Anistia Internacional: Declaração Pública
Nos dias 20 e 21 de maio, em São José da Costa Rica, a Corte Interamericana de Direitos Humanos realizará uma audiência pública sobre o caso “Guerrilha do Araguaia” (Caso No. 11.552, Júlia Gomes Lund e outros v. Brasil). Nesta ocasião, a Corte ouvirá os representantes das vítimas, as testemunhas e os peritos, assim como os representantes do Estado brasileiro, no que diz respeito às detenções arbitrárias, às torturas e aos desaparecimentos forçados de várias dezenas de pessoas praticados pelas Forças Armadas do Brasil naquela região do país durante a década de 1970.

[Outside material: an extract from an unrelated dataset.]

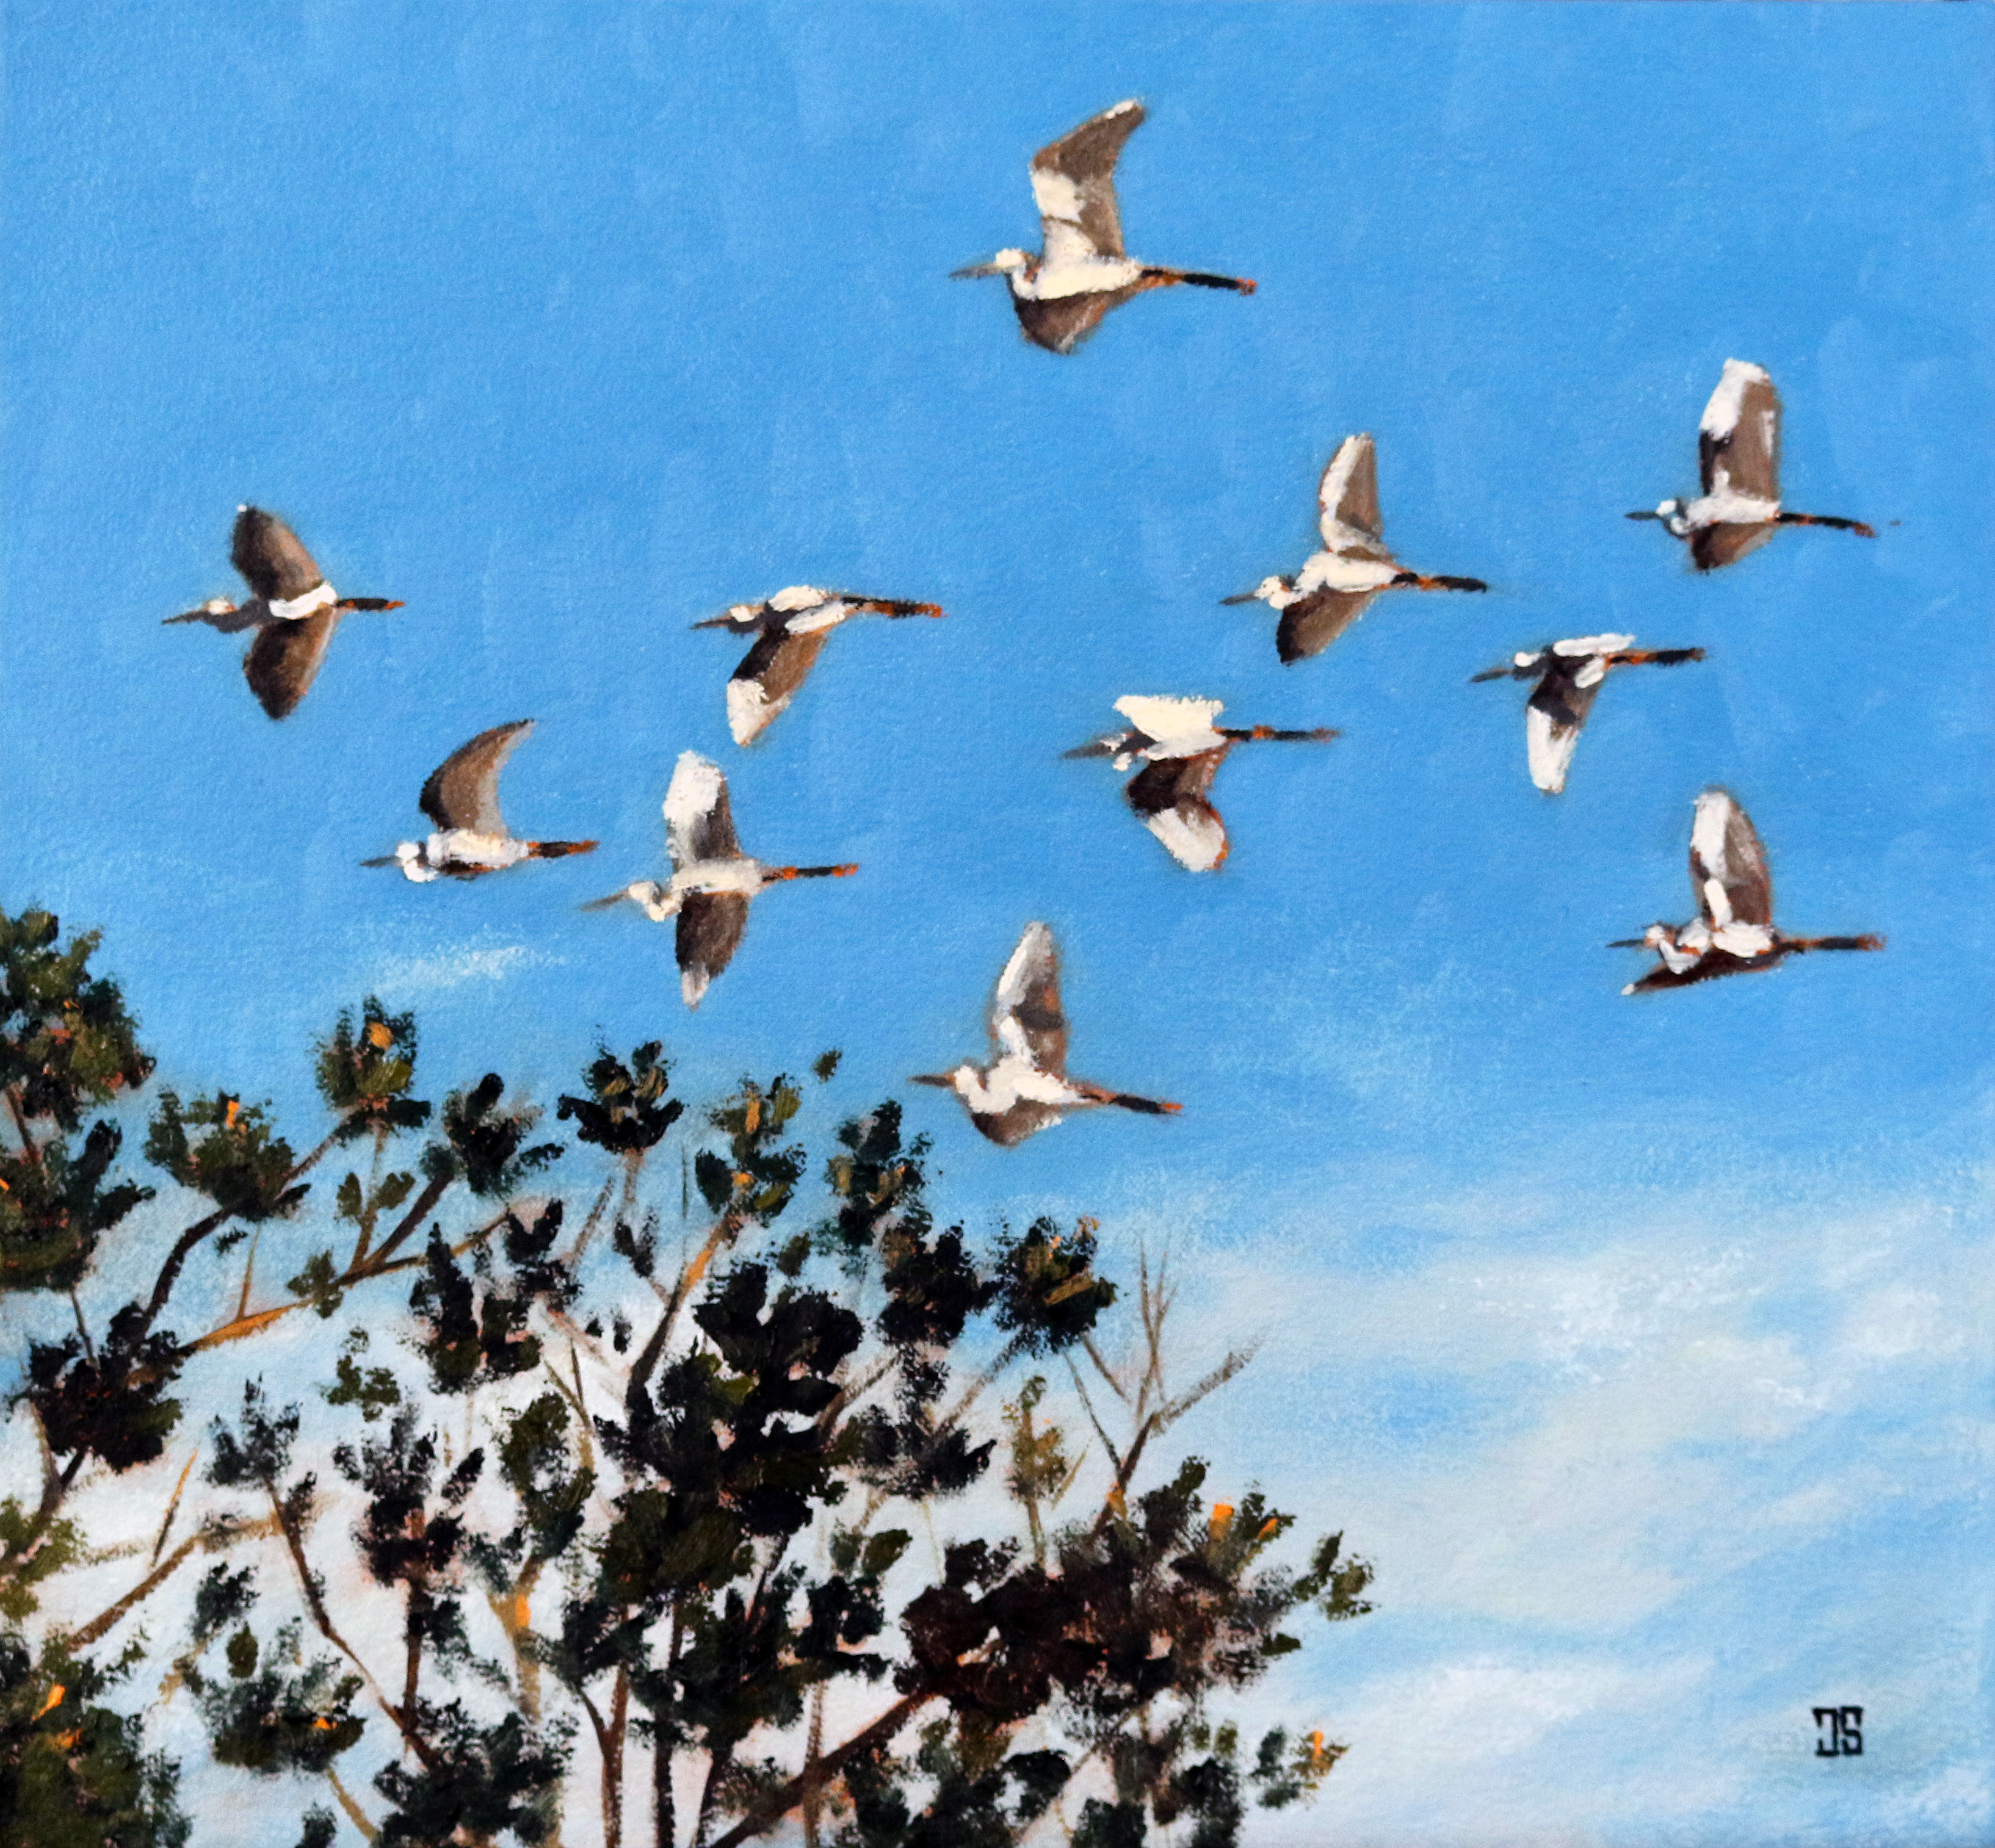 Oil painting "Great Egrets in Flight" by Jeffrey Dale Starr

No cerne da questão está a Lei de Anistia introduzida pelo governo militar brasileiro em 1979, a qual tem impedido qualquer investigação sobre o destino de ex-integrantes da chamada "Guerrilha do Araguaia", composta por membros do Partido Comunista do Brasil.
Contrariamente à decisão dos tribunais supremos da Argentina, do Chile, do Peru e do Uruguai, onde as leis de anistia foram descartadas por estarem em contravenção às obrigações contraídas pelos Estados em virtude do direito internacional, uma recente decisão do Supremo Tribunal Federal do Brasil indicou que a Lei de Anistia de 1979 era constitucional, e insistiu, mais uma vez, em sua aplicabilidade.
As leis de anistia que pretendem isentar de responsabilidade penal aqueles indivíduos que cometeram ou permitiram que se cometessem crimes de direito internacional – como genocídio, crimes contra a humanidade, crimes de guerra, tortura, desaparecimentos forçados e execuções extrajudiciais, arbitrárias ou sumárias – são incompatíveis com as obrigações dos Estados e devem ser declaradas inválidas. Isso foi confirmado pelo Tribunal Europeu de Direitos Humanos, pelo Tribunal Penal Internacional para a ex-Iugoslávia, pelo Tribunal Especial para Serra Leoa, pela Secretaria-Geral da ONU e por diversos órgãos criados em virtude dos tratados internacionais de direitos humanos. O Estatuto de Roma do Tribunal Penal Internacional, do qual o Brasil é um Estado-parte, afirma no seu preâmbulo que os Estados estão "decididos a pôr fim à impunidade dos autores desses crimes e a contribuir assim para a prevenção de tais crimes".
A Corte Interamericana de Direitos Humanos, por sua vez, tem reiterado em diversas oportunidades que leis de anistia – ou de autoanistia, como nesse caso – não são compatíveis com as obrigações dos Estados segundo o direito internacional. Com efeito, a Corte já sustentou, por exemplo, nos casos de "Barrios Altos", de "Almonacid Arellano" e do "Massacre dos Erres Dos", entre outros, que são inadmissíveis as disposições de anistia, as disposições sobre prescrição e o estabelecimento de exclusores de responsabilidade que pretendam impedir a investigação e a punição dos responsáveis por violações graves dos direitos humanos, como tortura, execuções extrajudiciais, sumárias ou arbitrárias e desaparecimentos forçados, todas elas proibidas por violarem direitos inderrogáveis reconhecidos pelo direito internacional dos direitos humanos.
Espera-se que, nesta ocasião, a Corte Interamericana chegue à mesma conclusão e que, ao estabelecer a nulidade da Lei de Anistia de 1979, obrigue o Estado brasileiro a adotar medidas que contribuam com a revelação da verdade sobre os crimes cometidos contra membros da Guerrilha do Araguaia e certificar-se de que todos os supostos responsáveis por tais atos compareçam perante tribunais de justiça regulares para que sua responsabilidade penal individual seja determinada. Da mesma forma, a Corte deveria determinar amplas medidas de reparação, em conformidade com os "Princípios e diretrizes básicas sobre o direito das vítimas de violações manifestas das normas internacionais de direitos humanos e de violações graves do direito humanitário internacional de interporem recursos e de obterem reparações".
Em resumo, a Anistia Internacional considera que, em conformidade com a jurisprudência da Corte nessa matéria, a qual não deveria variar, a decisão proferida no caso em apreço deva consagrar que o Brasil não possa argumentar haver qualquer lei ou disposição em seu direito interno que o exima da ordem da Corte para investigar e punir os responsáveis pelos crimes cometidos contra a Guerrilha do Araguaia. Tal decisão deveria ainda garantir que o Brasil não possa voltar a aplicar a Lei de Anistia de 1979, nem argumentar sua prescrição, ou a não-retroatividade da lei penal, nem o princípio ne bis in idem, tampouco qualquer excludente de responsabilidade similar, para eximir-se de seu dever de investigar e de punir os responsáveis.